*Task instructions*. Word for word, repeat the data that follows. Do not include the pictures.

*Dataset content*.

● ● ● ●

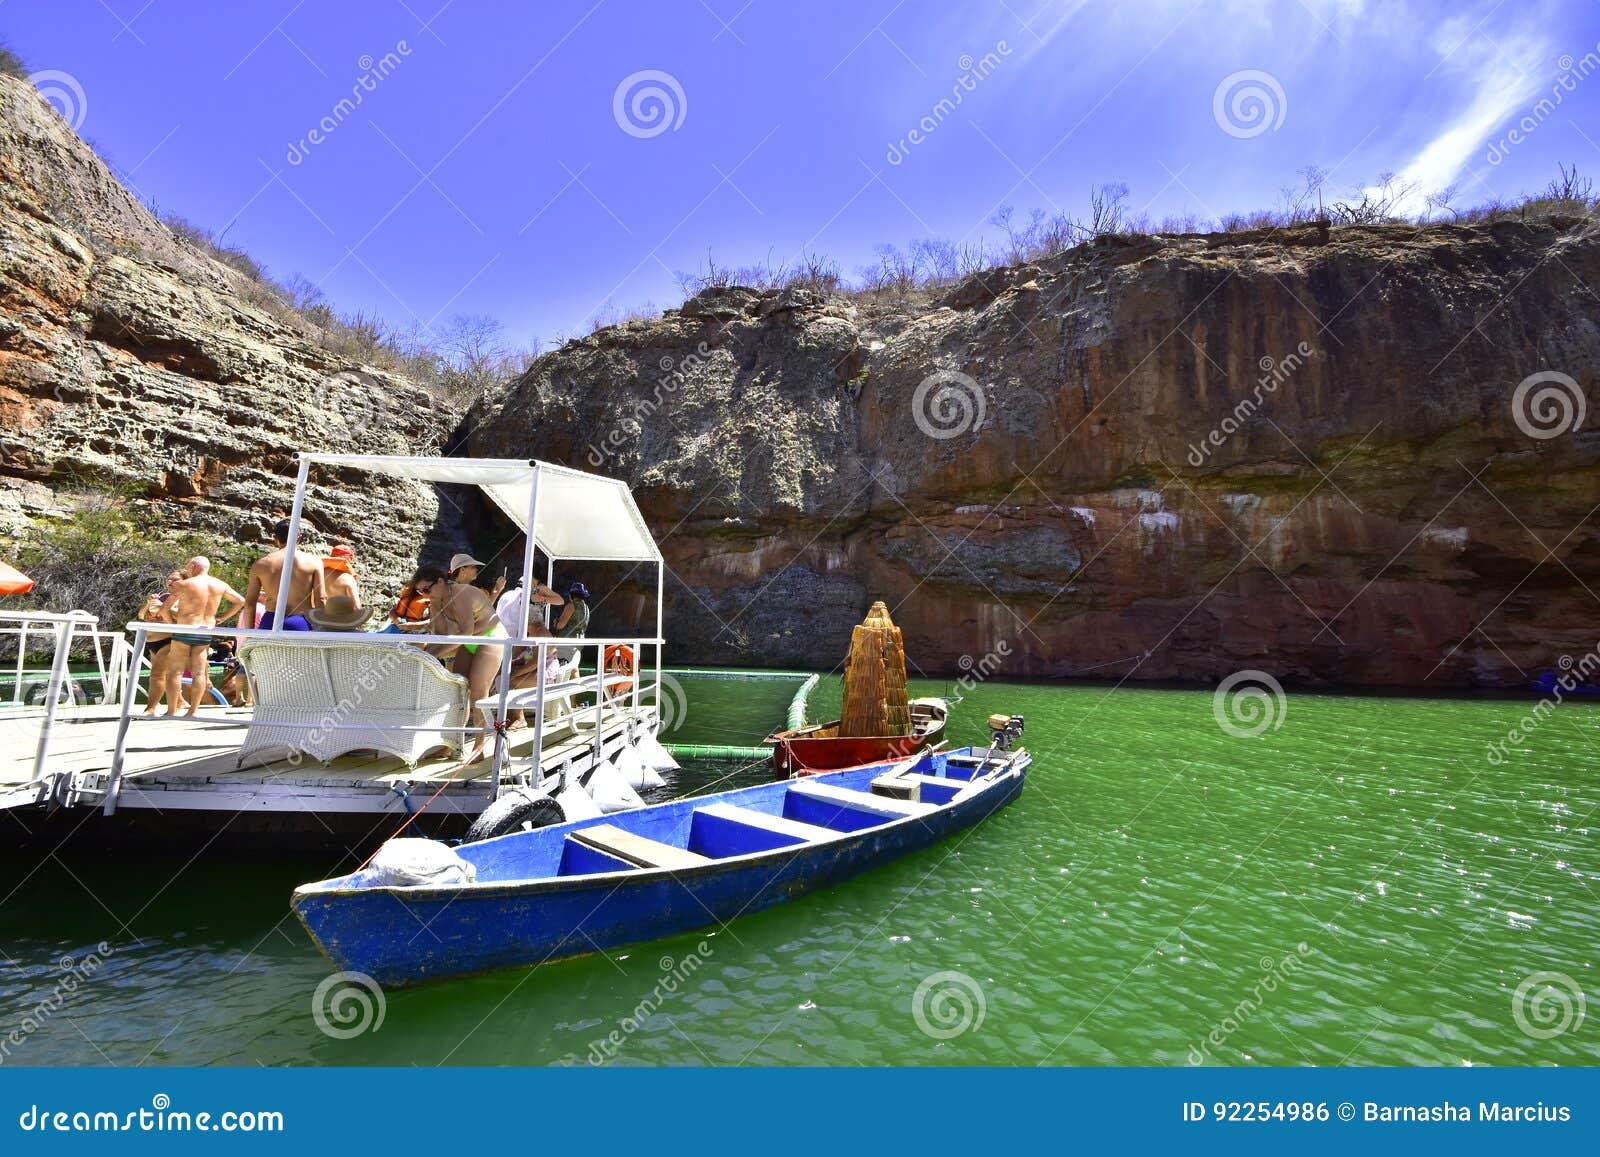 Tourismus in der Schlucht des Flusses
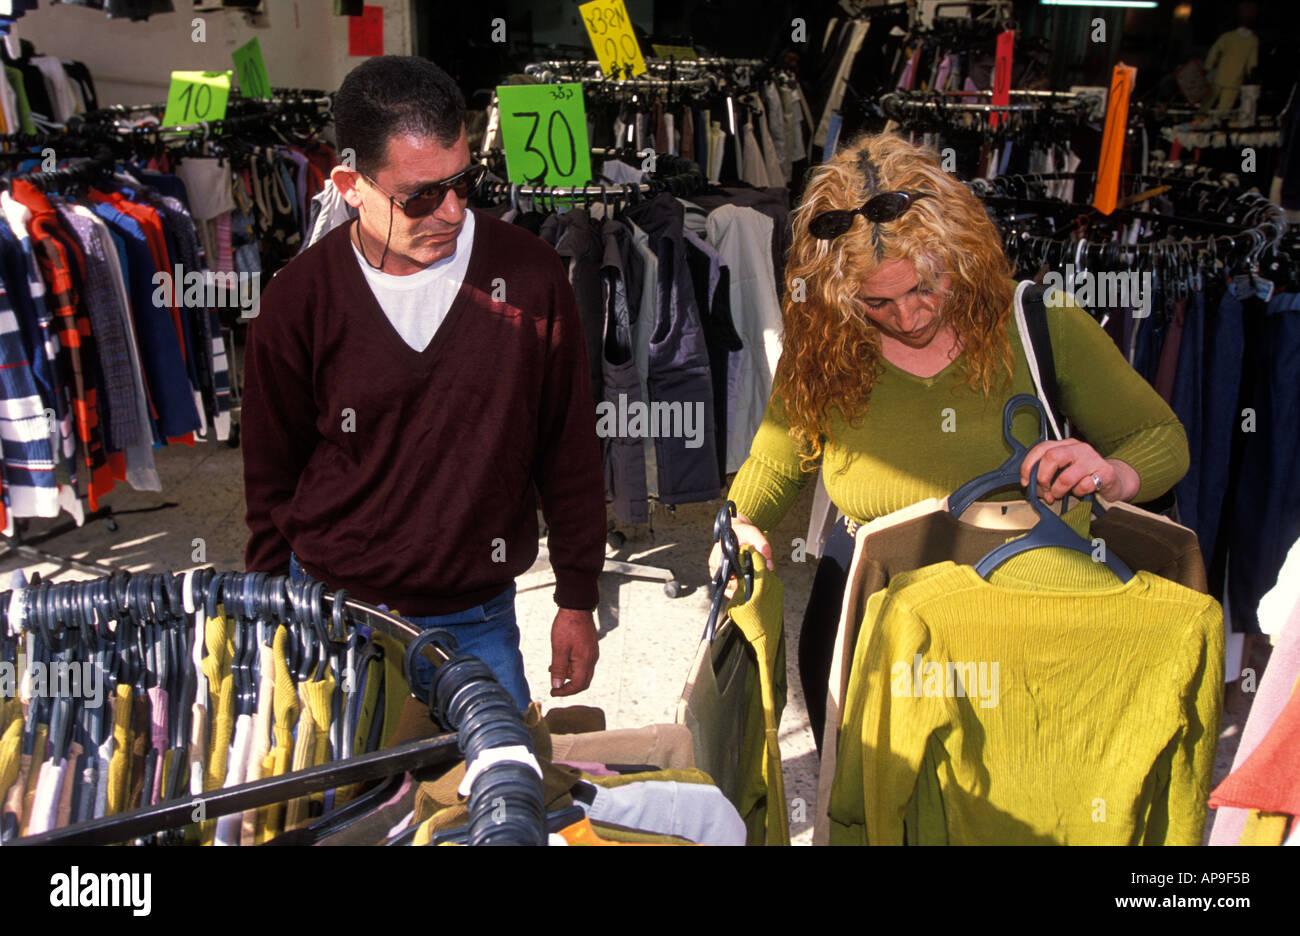 jüdische frau shopping für kleidung mit ihrem männlichen
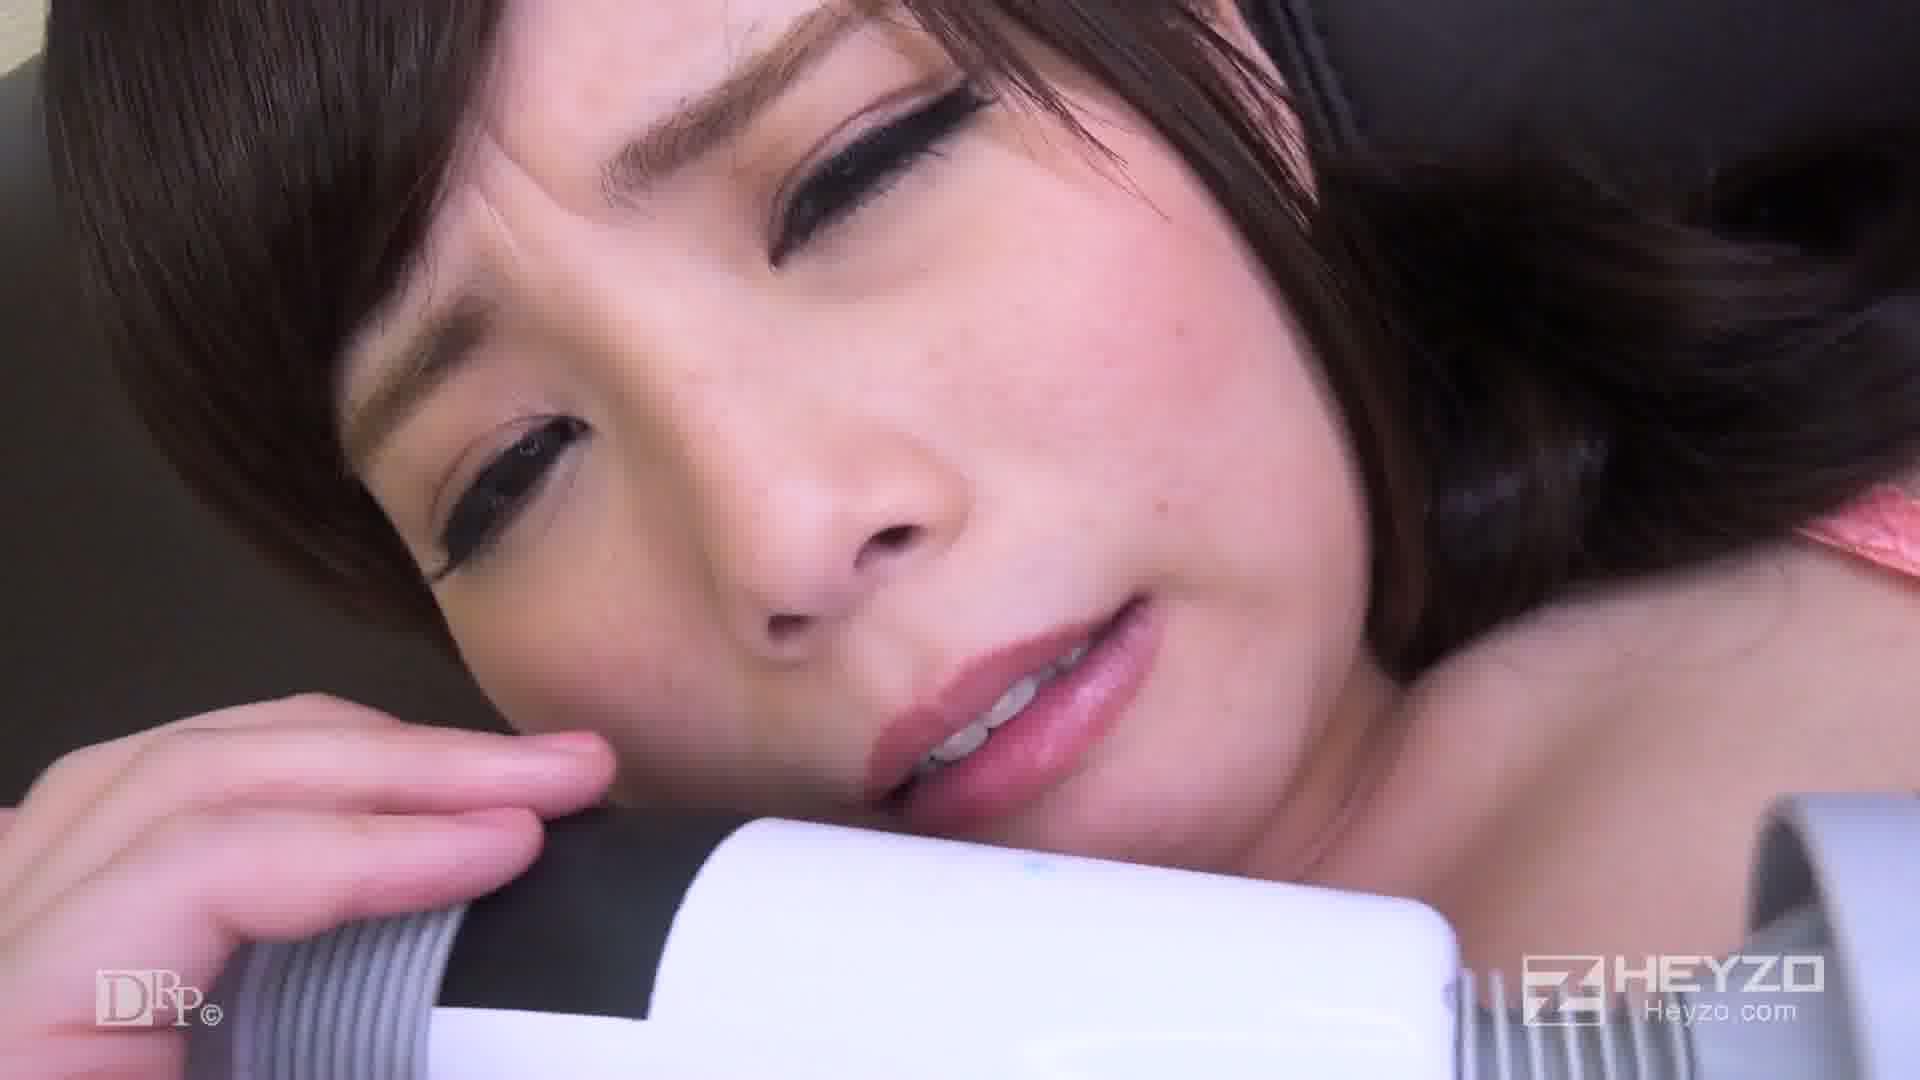 何でもするから誰にも言わないで!~ヒミツの代償~ - 椎名みゆ【ローター 電マ オナニー】

● ● ● ●

*Response box*.
 Tourismus in der Schlucht des Flusses
 jüdische frau shopping für kleidung mit ihrem männlichen
 何でもするから誰にも言わないで!~ヒミツの代償~ - 椎名みゆ【ローター 電マ オナニー】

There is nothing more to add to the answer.